There's also possible the limit case - a pole of closed loop transfer function just on the imaginary axis i.e. the gain becomes infinite at a certain frequency. The system may oscillate sinusoidally in that frequency if some impulse input or state variable initial value starts the oscillation. In practice such thing never happens exactly, but you searched only for it and ignored the exponentially growing oscillations.

ADD due the comment:

You said your process G has phase margin -37 degrees. It has no phase margin at all. Phase margin tells how much there's room to insert more phase lag before the phase lag grows to 180 degrees assuming the absolute value of G is =1. This is how a control engineer thinks it. He empirically assumes that if there's no phase margin just like in your case, there's a good change to exist an exponentially growing sine which is amplified infinitely in your closed loop with transfer function G/(1+G).

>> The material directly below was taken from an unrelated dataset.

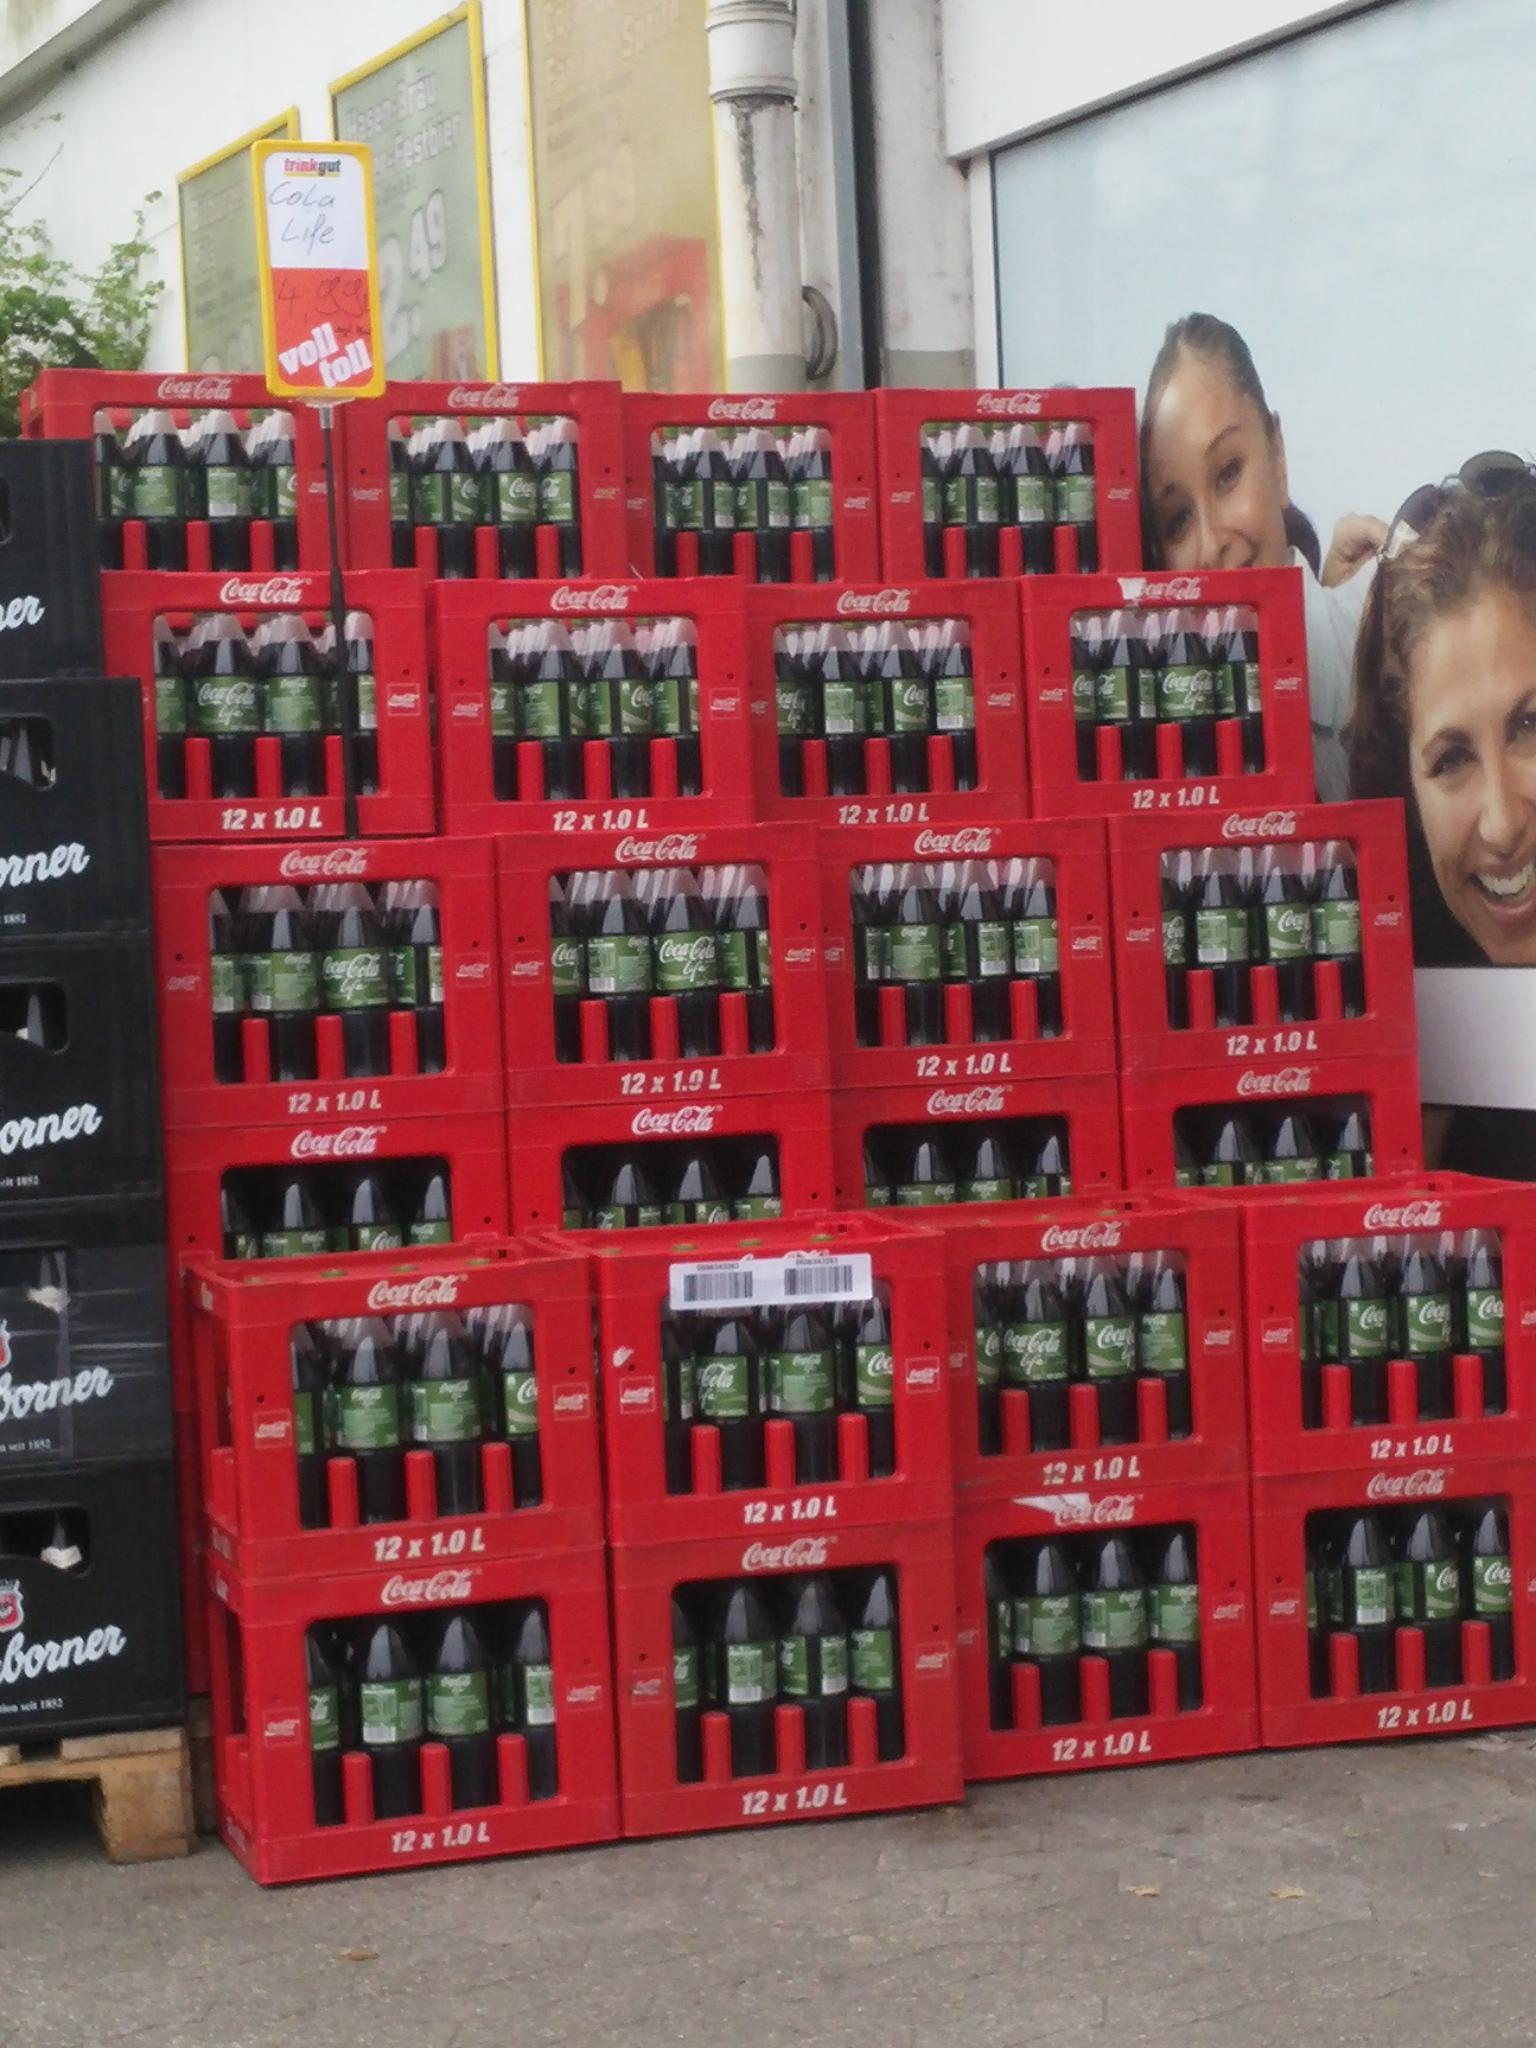 """[Lokal] Kasten (12x1l) """"Coca Cola Life"""" für 4,99 EUR (exkl. Pfand) bei """"TrinkGut"""" in 42551 Velbert"""

That assumption can be wrong in certain cases. Nyquist showed what's the exact procedure to check the stability by inspecting the transfer function only at imaginary s-values. You may even find a ready to use Nyquist plot function from your programs. It's freely available online for ex. in this website: https://mathlets.org/mathlets/bode-and-nyquist-plots/

The system is stable or it's not stable. Thinking it's stable at some frequencies and it's unstable at some other frequencies is your own way to use the term stability. It's like you could say that a woman is pregnant every day at 13:05 o'clock but she's not pregnant at other times.

BTW. Nyquist developed his stability criteria when no computers were available. There was no practical way to simulate the closed loop behaviour of complex transfer functions nor to find the poles of the closed loop system.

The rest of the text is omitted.